Research Project
7980077
DESCRIPTION (provided by applicant): In the United States, approximately 30,000 patients undergo hematopoietic cell transplantation (HCT). Approximately one-third (10,000) of transplant recipients undergo allogeneic HCT. Of these patients less than 50 to 70%, or 5,000 to 7,000 patients, will develop acute GVHD. The patients that develop GI GVHD are a subset of these patients. This grant application requests funding to continue the Phase 3 clinical evaluation of a unique combination of two patented formulations of beclomethasone dipropionate (BDP) for use in treating GVHD, an immediate release tablet and an enteric-coated gastro-resistant tablet. DOR BioPharma, Inc. calls this formulation orBec(r).
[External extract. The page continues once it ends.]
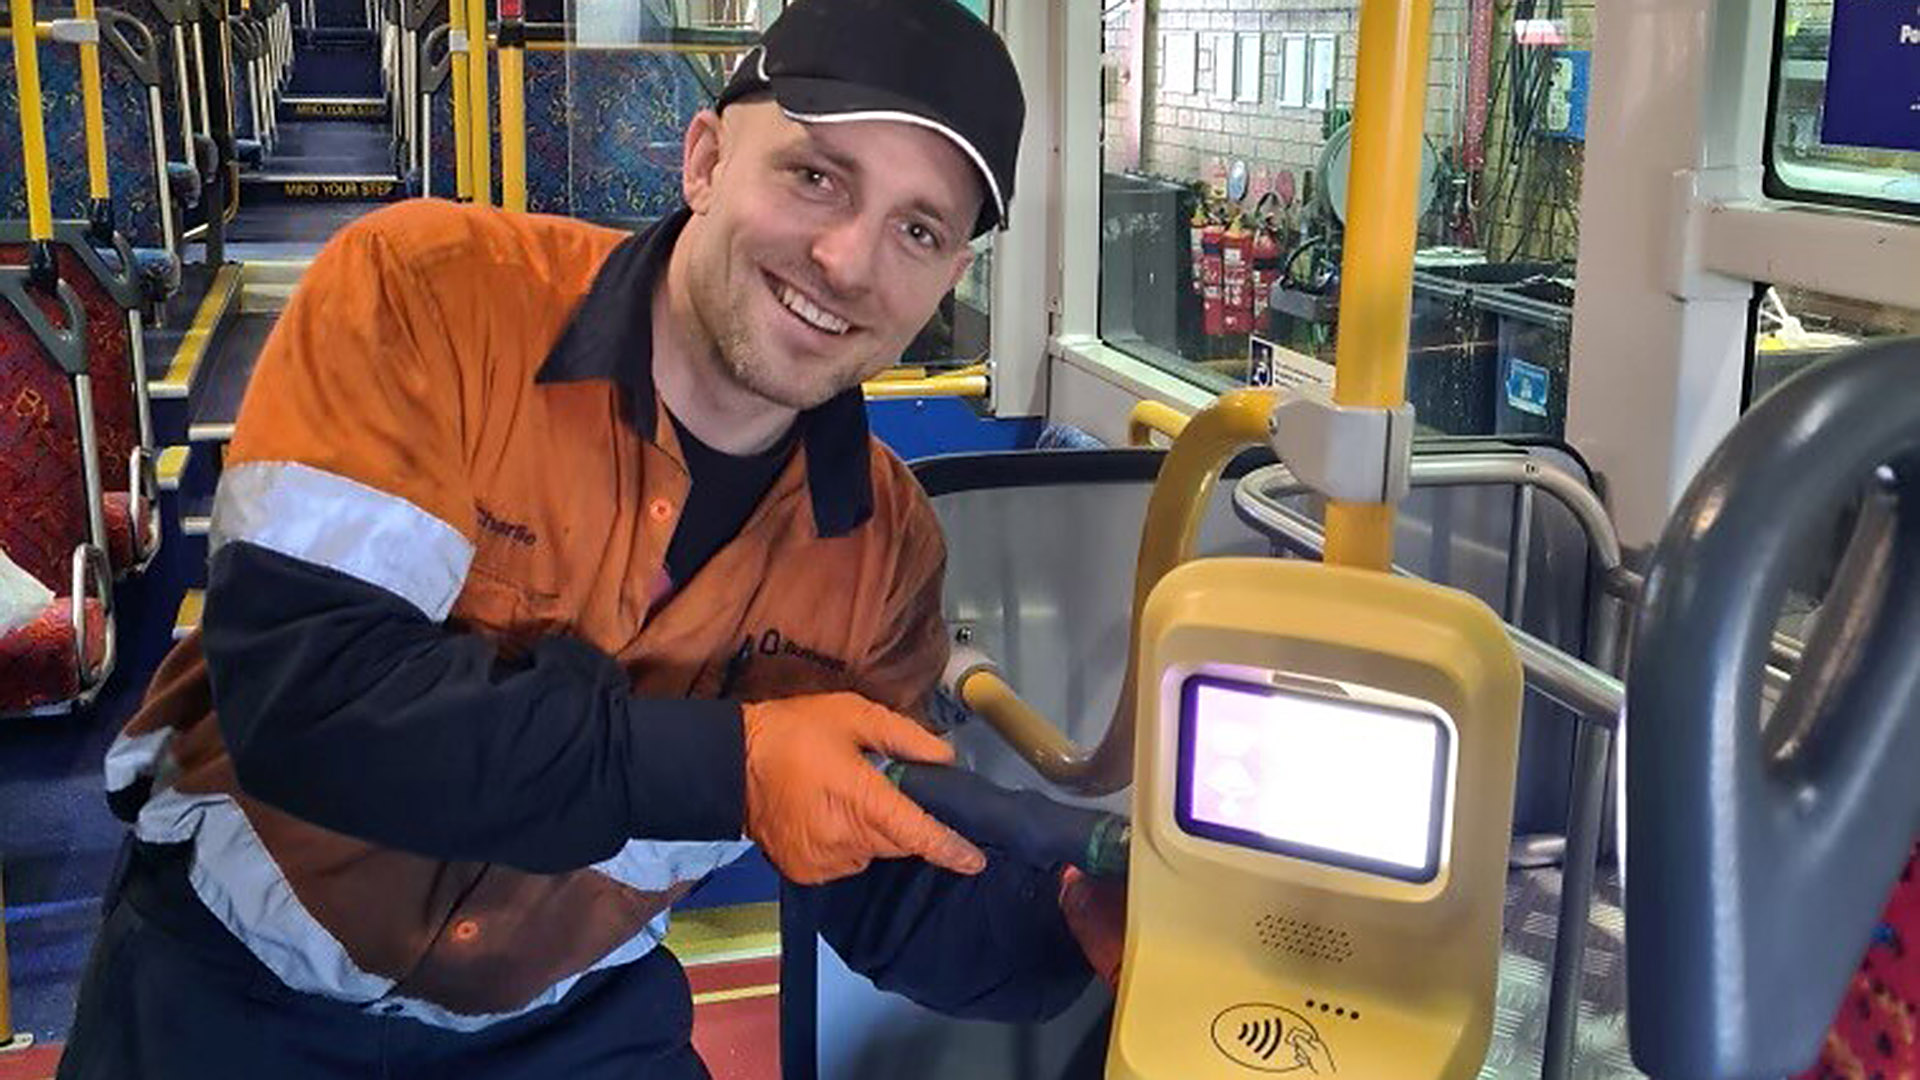 Busways employee shows off validator

The study design uses an induction dose of prednisone to control the presenting manifestations of GI GVHD, then rapidly tapers the dose of prednisone in subjects whose symptoms have responded to initial treatment, while subjects continue to take the study drug [placebo tablets or an oral topically-active glucocorticoid (beclomethasone dipropionate, BDP)]. BDP and its metabolite 17-beclomethasone monopropionate (17-BMP) are potent glucocorticoids with prolonged residence time in the GI mucosa and limited systemic bioavailability. Thus, the use of an oral topically-active glucocorticoid with limited systemic effects to control the GI inflammatory process of GVHD should minimize systemic prednisone exposure. Previous studies have shown that oral BDP is safe in the treatment of GI GVHD;this study is designed to provide compelling evidence of its efficacy in controlling GVHD following a prednisone taper. A total of 166 subjects (83 per group) will be required to achieve 90% power at a 2-sided significance level of 0.05 to detect a difference of 26% of difference between treatment and placebo (65% vs. 39% projected, based on the previous Phase 3 data). The trial will be terminated when the total events for GVHD treatment failure at Day 80 has reached approximately 87. Slightly more patients may be recruited to allow for dropouts during the trial. At the completion of the trial DOR intends to file documents with the FDA to allow for marketing approval of the new treatment for this unmet clinical need.